Русские писатели о цензуре и цензорах. От Радищева до наших дней. 1790–1990 - стр. 42
Книгопродавец с Berner street[81] как-то прислал купить на 10 ш<иллингов> «Крещеной собственности», я это принял за успех, подарил его мальчику шиллинг на водку и с несколько буржуазной радостью отложил в особое место этот первый гафсоврен[82], выработанный русской типографией.
Сбыт в деле пропаганды так же важен, как и во всяком другом. Даже простой, материальный труд нельзя делать с любовью, зная, что он делается напрасно. Заставьте лучших в мире актеров играть в пустой зале – они будут играть прескверно.

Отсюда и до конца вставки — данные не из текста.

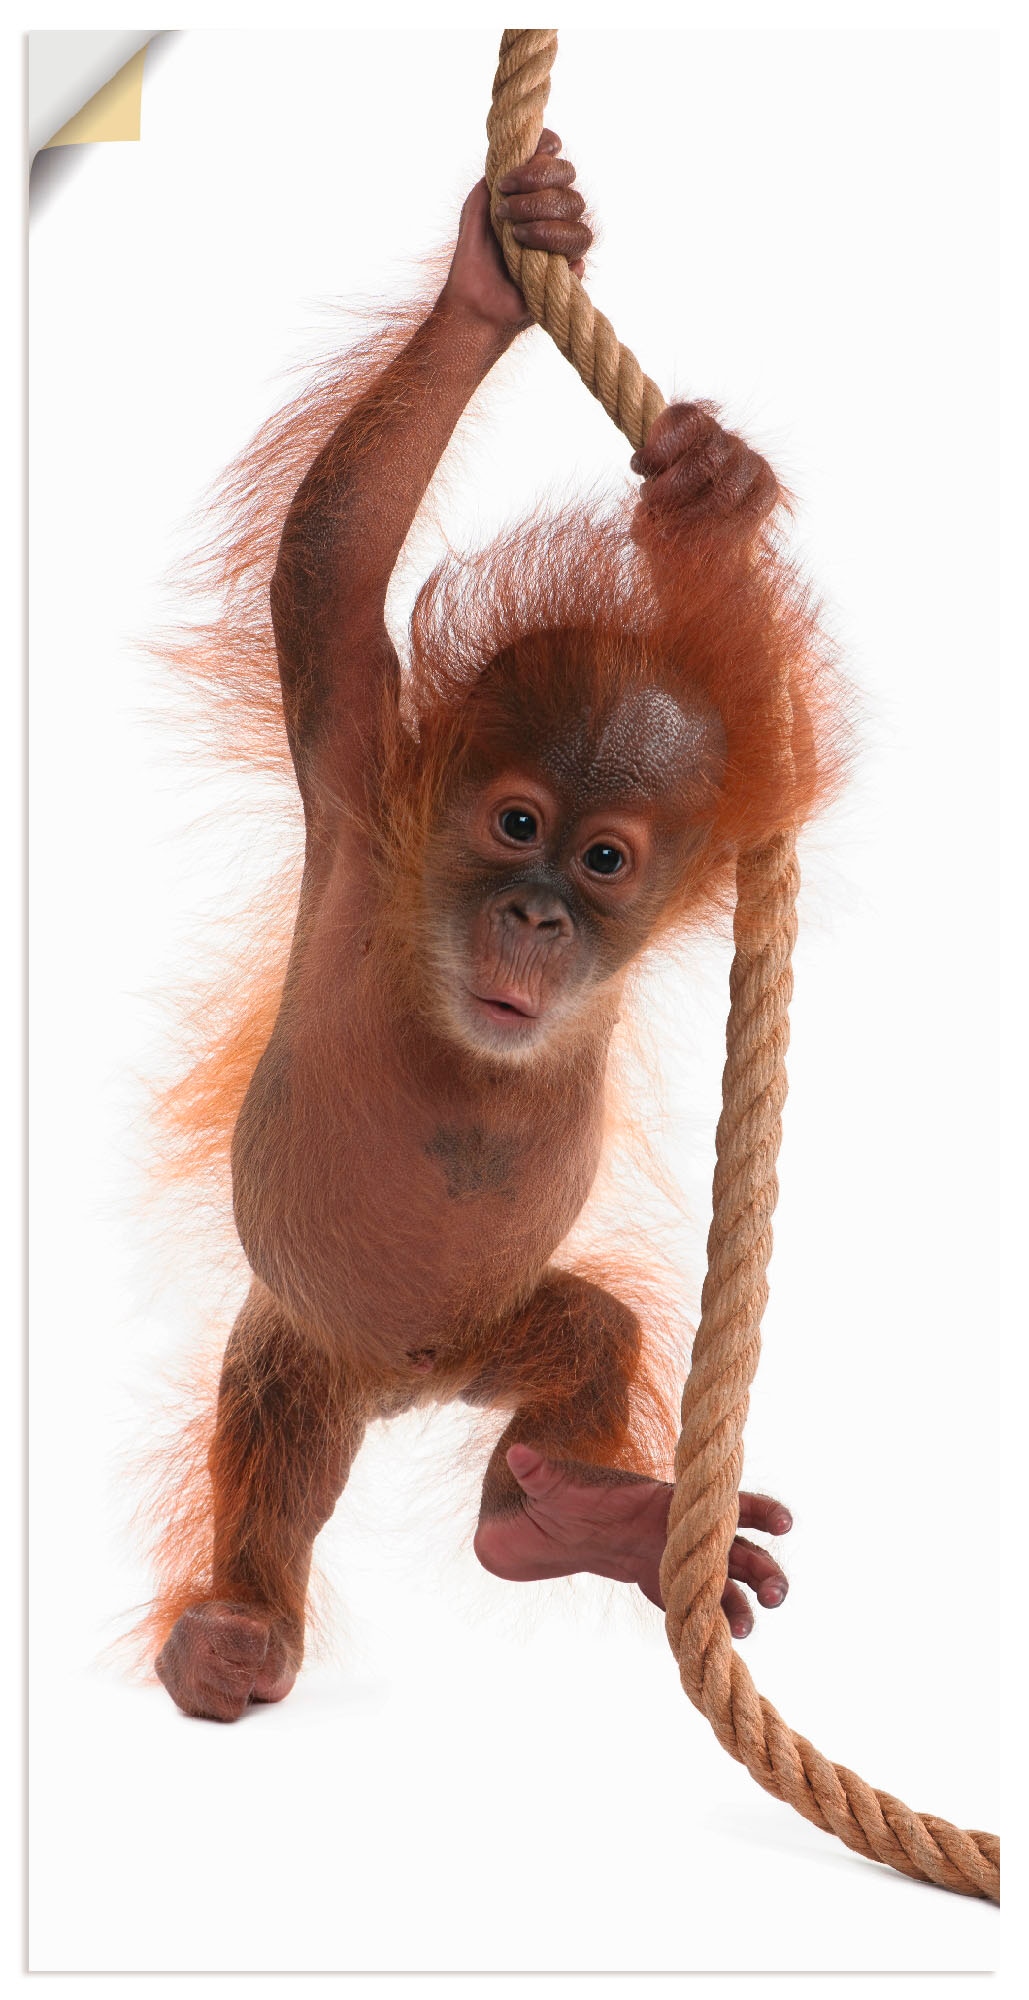 Artland Wandbild »Baby Orang Utan hängt am Seil I«, Wildtiere, (1 St.), als Alubild, Leinwandbild, Wandaufkleber oder Poster in versch. Größen

Консистории, знающие по обязанности своего сана тонкость нравственных пыток, приговаривают попов за воровство, пьянство и другие светские слабости толочь воду.
Но не все же мы толкли воду с вами, Чернецкий, – пришел праздник и на нашей улице.
Он начался торжественно.
Утром 4 марта я вхожу по обыкновению часов в восемь в свой кабинет, развертываю «Теймс»[83], читаю, читаю десять раз и не понимаю, не смею понять грамматический смысл слов, поставленных в заглавие телеграфической новости: «The death of the emperor of Russia»[84].
He помня себя, бросился я с «Теймсом» в руке в столовую, я искал детей, домашних, чтоб сообщить им великую новость, и со слезами искренней радости на глазах подал им газету… Несколько лет свалилось у меня с плеч долой, я это чувствовал.
Остаться дома было невозможно. Тогда в Ричмонде жил Энгельсон, я наскоро оделся и хотел идти к нему, но он предупредил меня и был уже в передней, мы бросились друг другу на шею и не могли ничего сказать, кроме слов: «Ну, наконец-то он умер!» Энгельсон по своему обыкновению прыгал, перецеловал всех в доме, пел, плясал, и мы еще не успели прийти в себя, как вдруг карета остановилась у моего подъезда и кто-то неистово дернул колокольчик: трое поляков прискакали из Лондона в Твикнем, не дожидаясь поезда железной дороги, меня поздравить.
Я велел подать шампанского, никто не думал о том, что все это было часов в одиннадцать утра или ранее. Потом без всякой нужды мы поехали все в Лондон. На улицах, на бирже, в трактирах только и речи было о смерти Николая, я не видал ни одного человека, который бы не дышал легче, узнавши, что это бельмо снято с глаза человечества, и не радовался бы, что этот тяжелый тиран в ботфортах, наконец, зачислен по химии.
В воскресенье дом мой был полон с утра: французские, польские рефюжье[85], немцы, итальянцы, даже английские знакомые приходили, уходили с сияющим лицом, день был ясный, теплый, после обеда мы вышли в сад. На берегу Темзы играли мальчишки, я подозвал их к решетке и, сказав им, что мы празднуем смерть их и нашего врага, бросил им на пиво и конфеты целую горсть мелкого серебра. «Уре! Уре! – кричали мальчишки. – Impernikel is dead! Impernikel is dead!»